President Donald Trump on Thursday (Friday NZ Time) rejected the widely accepted conclusion that nearly 3,000 died in Puerto Rico from Hurricane Maria, arguing without evidence that the number was wrong and calling it a plot by Democrats to make him look bad.

The President has accused Jeff Zucker’s company of hatred and extreme bias towards him.
Source: 1 NEWS

As Hurricane Florence approached the Carolinas, the president picked a fresh fight over the administration's response in Puerto Rico, tweeting: "When I left the Island, AFTER the storm had hit, they had anywhere from 6 to 18 deaths. As time went by it did not go up by much. Then, a long time later, they started to report really large numbers, like 3000."

Trump added: "This was done by the Democrats in order to make me look as bad as possible when I was successfully raising Billions of Dollars to help rebuild Puerto Rico."

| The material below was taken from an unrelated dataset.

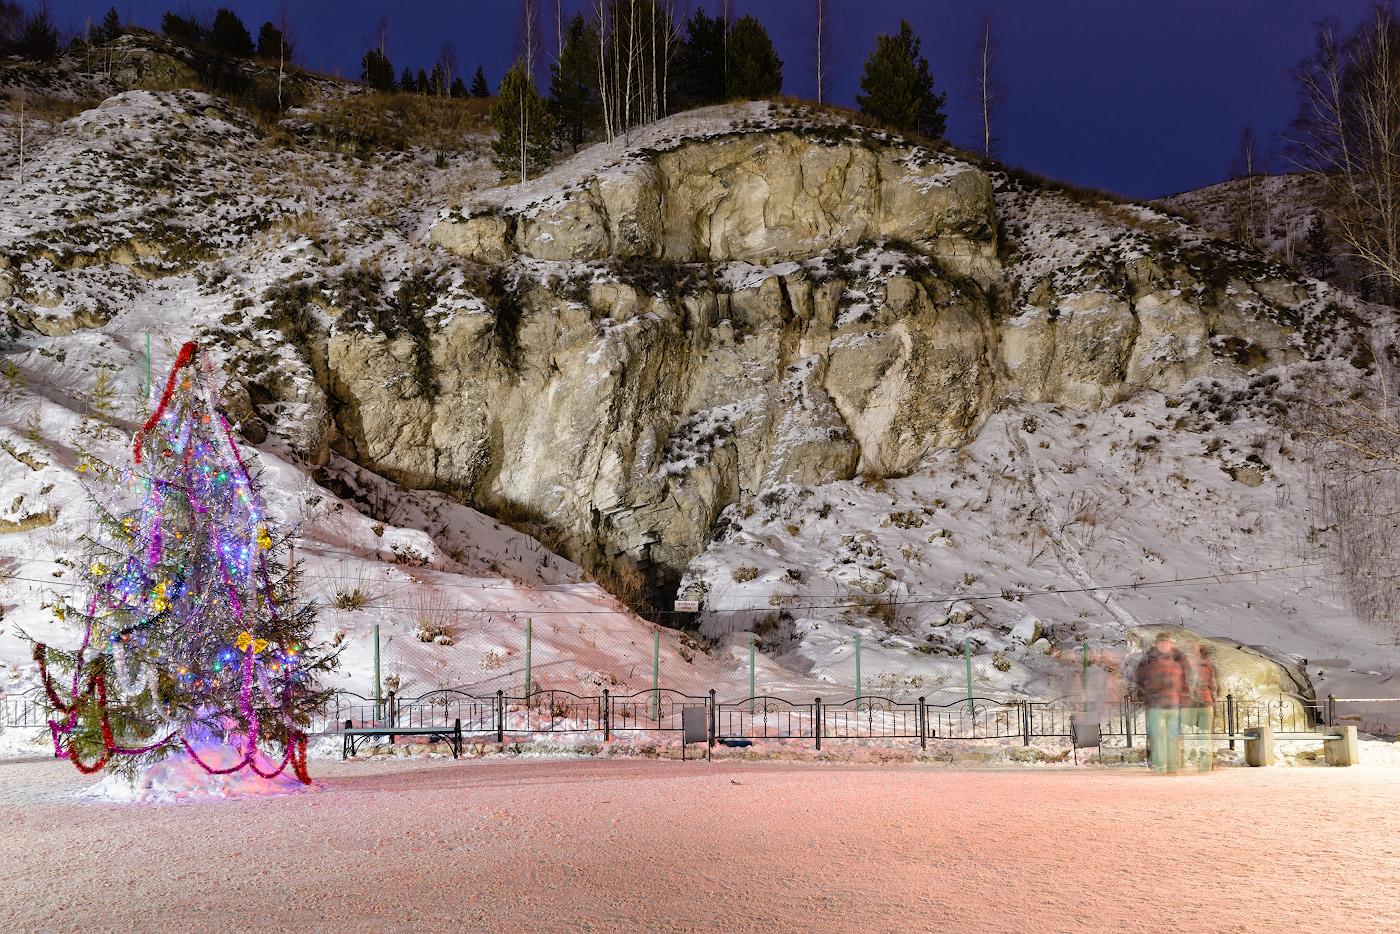 Фотография 5. Обрыв в склоне Ледяной горы в селе Филипповка. В центре указатель с красным текстом – здесь, если я не ошибаюсь, старый ход в Кунгурскую пещеру. 15, +0.67, 8.0, 500, 28.

Puerto Rico's governor last month raised the U.S. territory's official death toll from Hurricane Maria from 64 to 2,975 after an independent study found that the number of people who succumbed in the sweltering aftermath had been severely undercounted.

The estimate of nearly 3,000 dead in the six months after Maria devastated the island in September 2017 and knocked out the entire electrical grid was made by researchers with the Milken Institute School of Public Health at George Washington University. The study says the original estimates were so low because doctors on the island had not been trained to properly classify deaths after a natural disaster.

The elderly and impoverished were hardest hit by the hurricane.